“Charisma is a sparkle in people that money can’t buy. It’s an invisible energy with visible effects.” — Marianne Williamson
Is charisma something you are born with or something you can learn?
I am asked this question by leaders and salespeople quite often.
Charisma is a combination of confidence and people skills and a very special and overlooked ingredient.
I have a friend named Kenton Worthington who is a successful entrepreneur and the prototype for charisma. He’s positive, confident and great with people.

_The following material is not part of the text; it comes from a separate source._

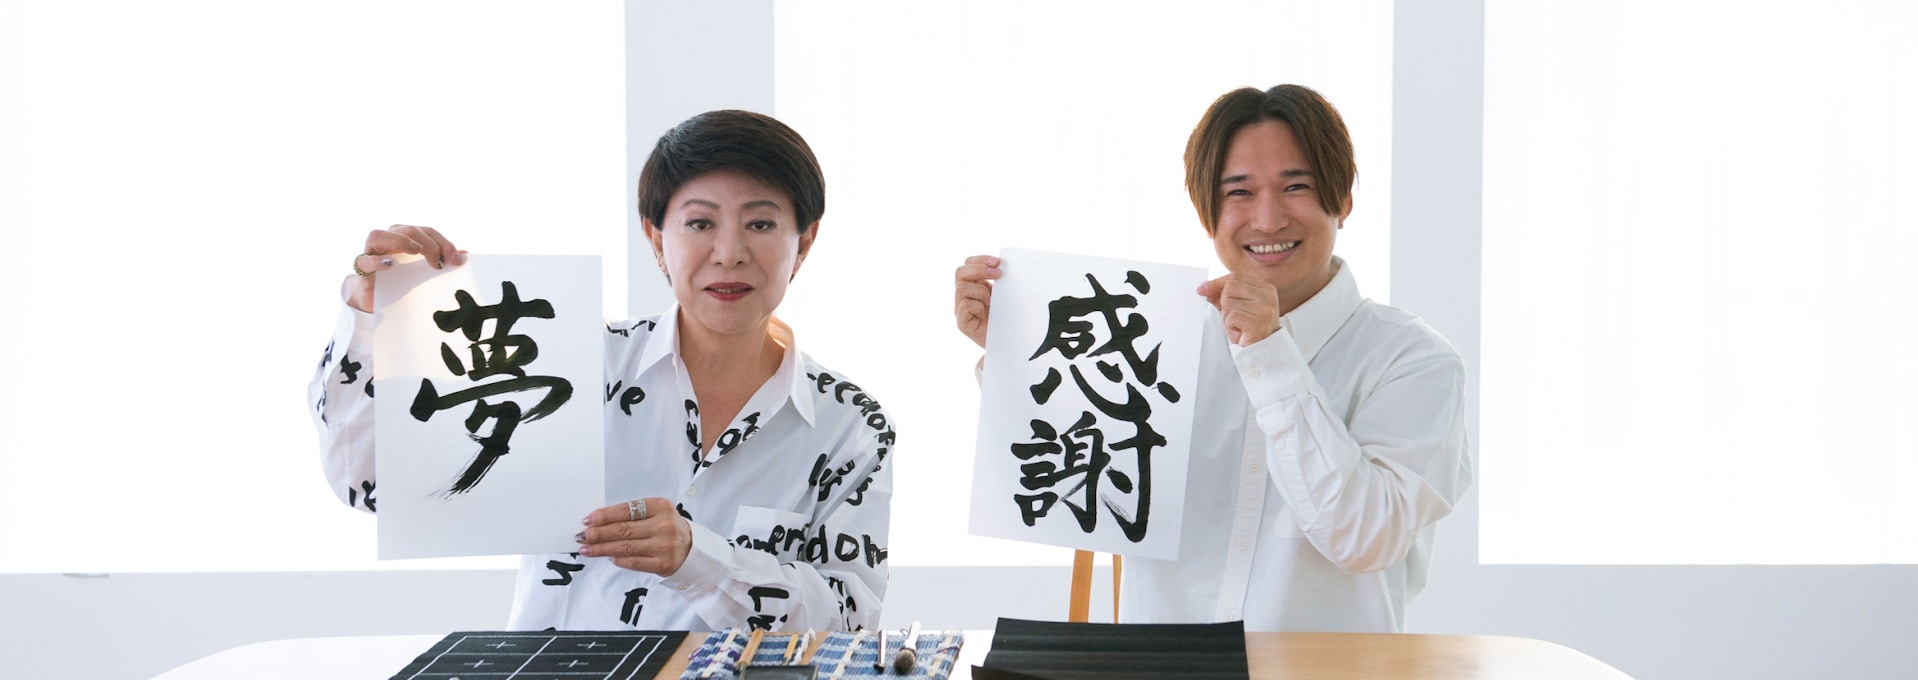 【画像】美川さんとAmeba菊地が書いた書道を持ち笑顔の写真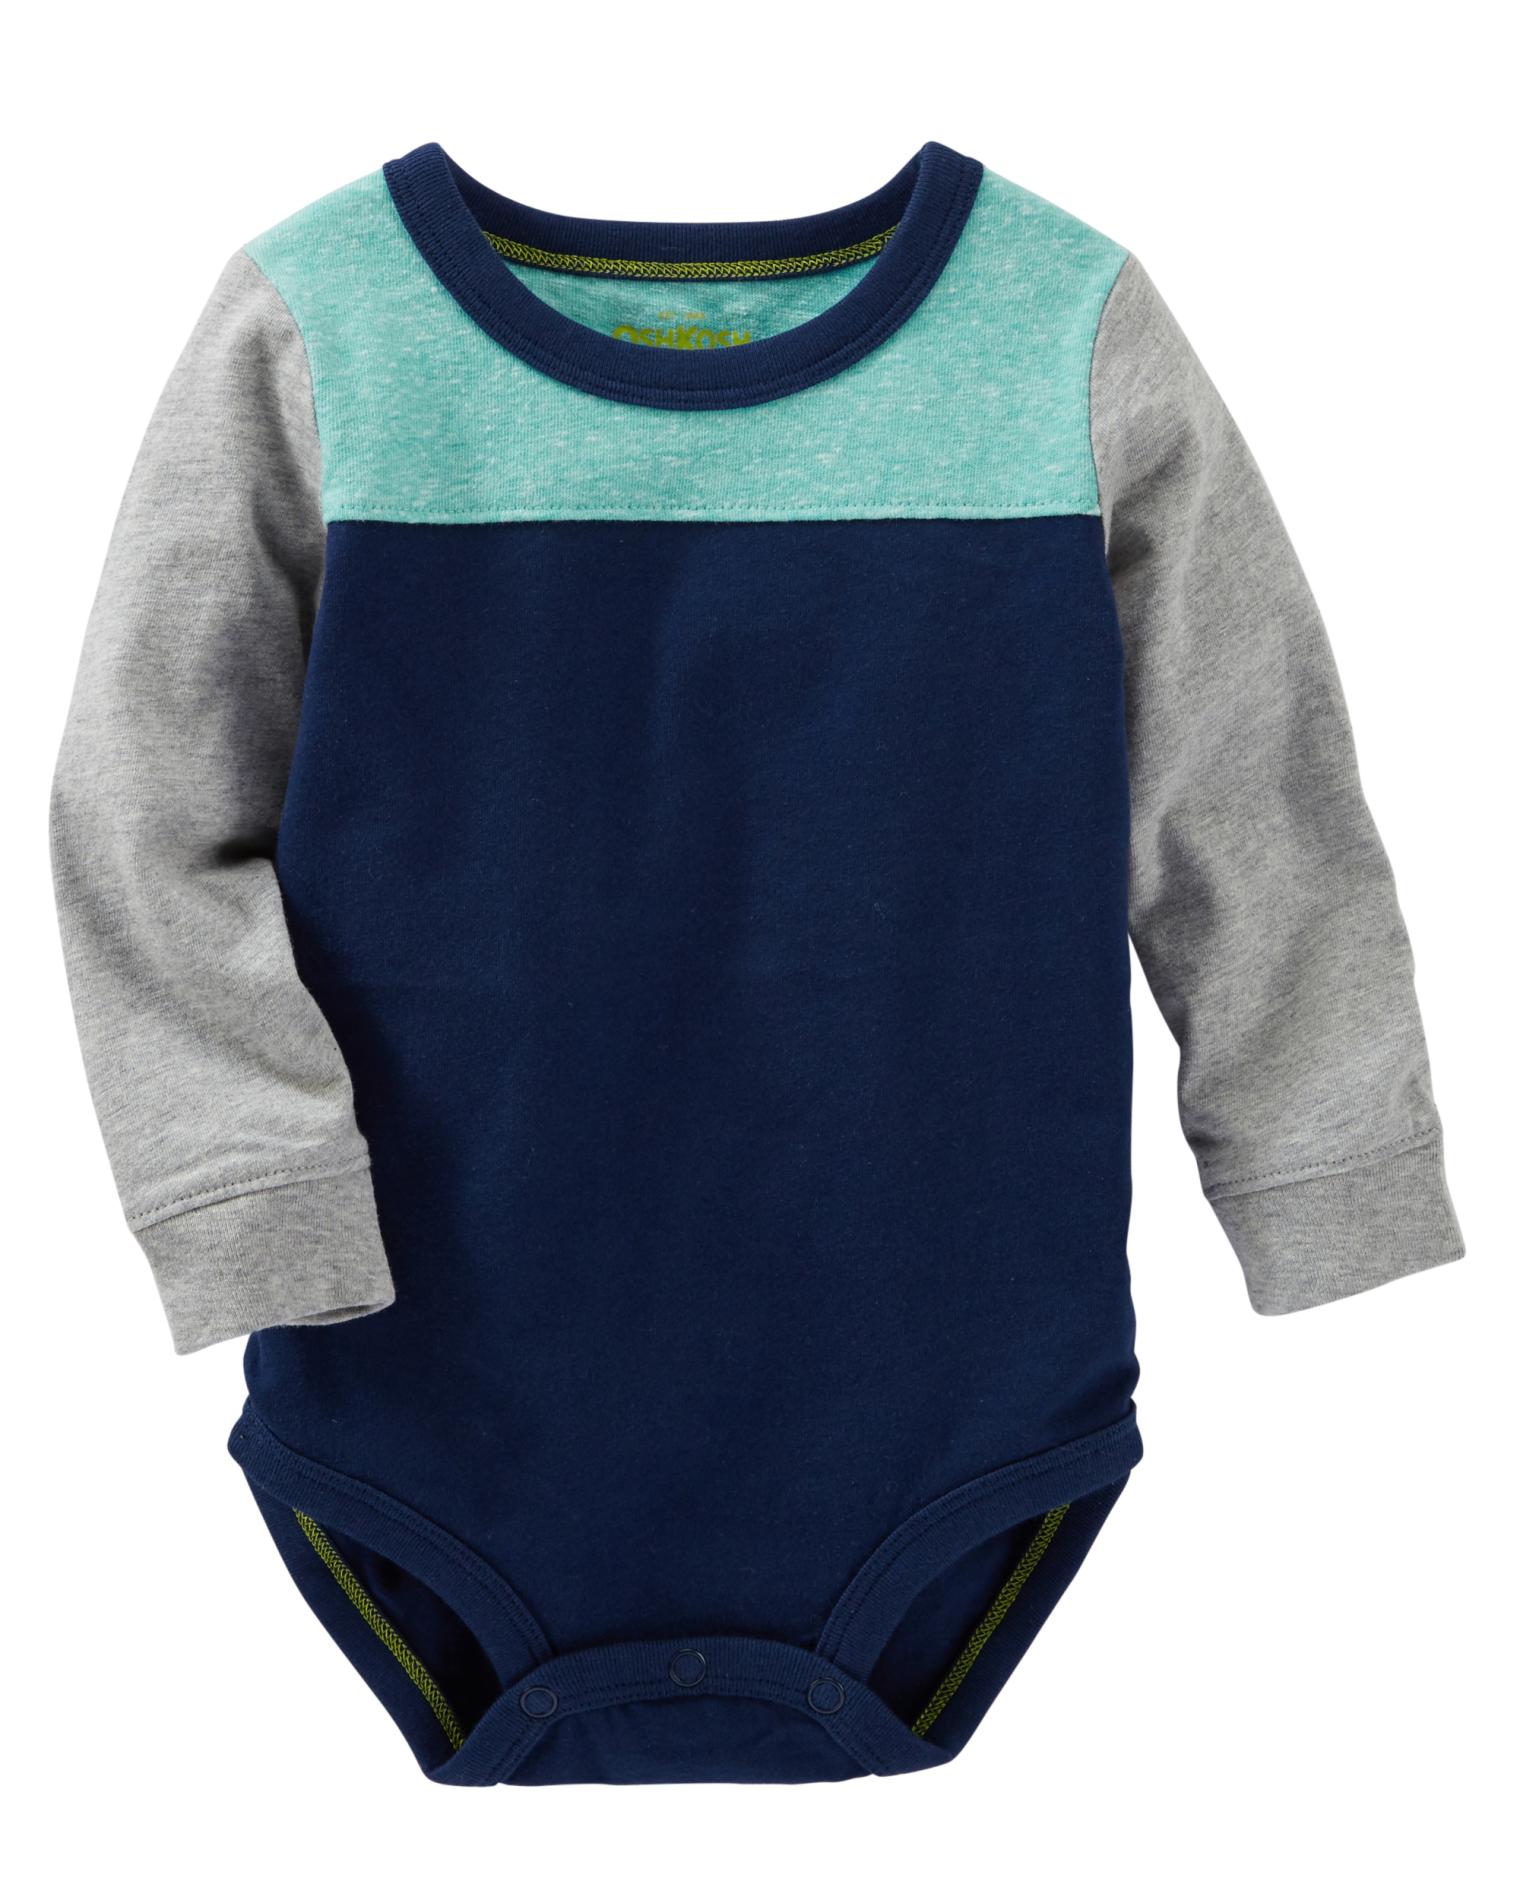 OshKosh Newborn & Infant Boys' Long-Sleeve Bodysuit - Colorblock

However beyond all those fine qualities, he is genuinely focused on other people. That, I’ve decided, is what sets him apart. It’s what gives him that elusive quality of charisma. When you have a conversation with Kenton it’s about you, not about him. He asks questions. He shows real excitement over your successes and concern over your challenges. He finds ways to genuinely compliment whomever he’s talking to and engages in a way that makes the other person feel better about themselves. So to answer my wife’s question, “What is the secret of charisma?” It’s a mix of ingredients – optimism, energy, confidence – but more than anything else, it’s based on outward rather than inward thinking. That’s Kenton’s secret — and, I’m convinced, the secret of other charismatic people — and it’s really no secret at all.
Here are a few thoughts from others regarding charisma:
It was civil rights activist Cornel West who said, “Humility means two things. One, a capacity for self-criticism … The second feature is allowing others to shine, affirming others, empowering and enabling others. Those who lack humility are dogmatic and egotistical. That masks a deep sense of insecurity. They feel the success of others is at the expense of their own fame and glory.”
“If you would win a man to your cause, said Abraham Lincoln, “first convince him that you are his sincere friend.”
“Some singers want the audience to love them. I love the audience,” said the wildly popular tenor Luciano Pavarotti.
Charisma is the ability to make people feel better about them for having been with you. It’s being more outwardly focused on others, their needs and their interests, rather than focusing on yourself.
Ask yourself these questions: How do I make people feel after they have met me? Do they feel inspired and listened to? How are you focusing your attention (inward or outward)? Does their body language portray them as receptive? Are you really listening to what the other person is saying rather than talking about yourself? The answers to these questions are qualities of a partner leader and partnership is the new leadership. Whether the relationship is within your own company or with your clients and customers, we all need to be a little more like Kenton – a little more charismatic.